《• 19 •》
Als ich die Wohnungstür hinter mir ins Schloss fallen lasse, umfängt mich die Stille meines Zuhauses. Offenbar sind meine Eltern mit Lamiya unterwegs, und Zayn scheint noch nicht zurück zu sein. Vermutlich muss er den Schock erstmal verdauen.
Gott sei Dank.
Ich lasse meinen Tränen freien Lauf, schlage mir schluchzend die Hände vor das Gesicht und lasse mich kraftlos zu Boden sinken. Der Tag begann so wunderbar, aber jetzt ist alles so kompliziert und verworren, beinahe aussichtslos.
Nael hat mir den schönsten Moment meines Lebens geschenkt, doch jetzt, nur wenig später, fühle ich mich so verloren. Es fühlt sich an, als wäre meine ganze Welt zusammengebrochen. Die Emotionen überwältigen mich und mein Herz tut so weh, dass ich zwischenzeitlich denke, ich kriege keine Luft mehr und muss sterben.

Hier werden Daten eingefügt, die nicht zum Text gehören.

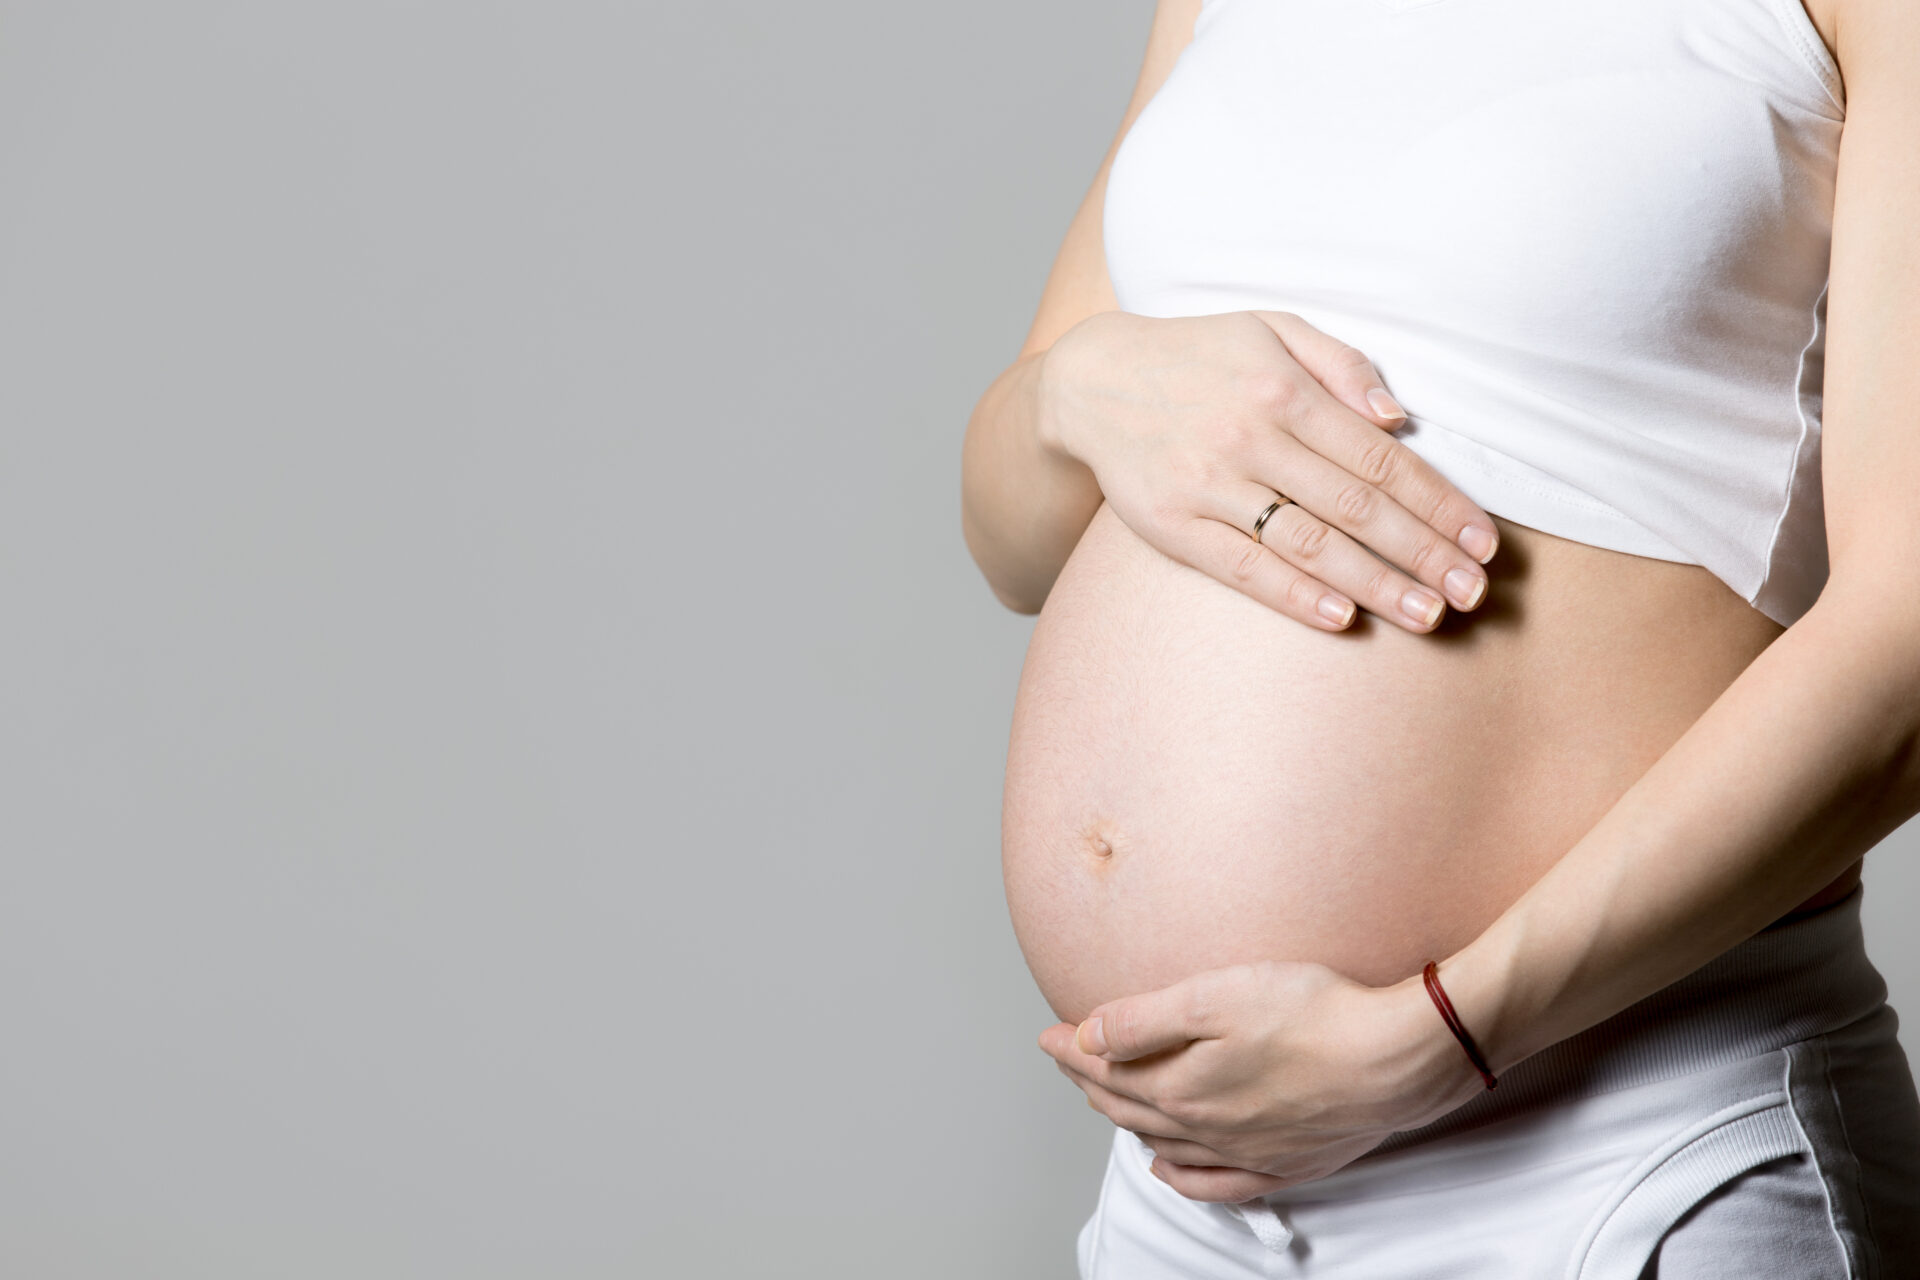 Embarazo Prueba Rh Laboratorio Análisis Clínicos Morelia

Als plötzlich aus dem Nichts Schritte neben mir über den Laminat tapsen, erschrecke ich mich beinahe zu Tode.
Ich reiße den Kopf hoch und schaue geradewegs in Kinans dunkelbraune Augen, der mich genauso erschrocken ansieht, wie ich ihn.
Dass der Lockenkopf in seinem Zimmer sein könnte, habe ich nicht bedacht.
"Shalia, was ist los?", fragt er besorgt und streckt seine Hand nach mir aus. "Komm, steh mal vom Boden auf."
Ich nehme seine Hand und lasse mir von ihm hochhelfen. Sanft bugsiert er mich ins Wohnzimmer, schiebt mich auf die bequeme Sofalandschaft und reicht mir ein Kosmetiktuch aus der hübsch verzierten Metallbox auf dem Couchtisch.
"Was ist passiert? Wieso weinst du?", fragt er sanft und setzt sich neben mich.
Aus leeren Augen sehe ich ihn an. "Ich habe Streit mit Zayn", antworte ich vage und schnäuze meine Nase in dem weichen Taschentuch.
"So schlimm, dass du so doll weinst?", hakt er nach und legt den Kopf schief. Ich nicke.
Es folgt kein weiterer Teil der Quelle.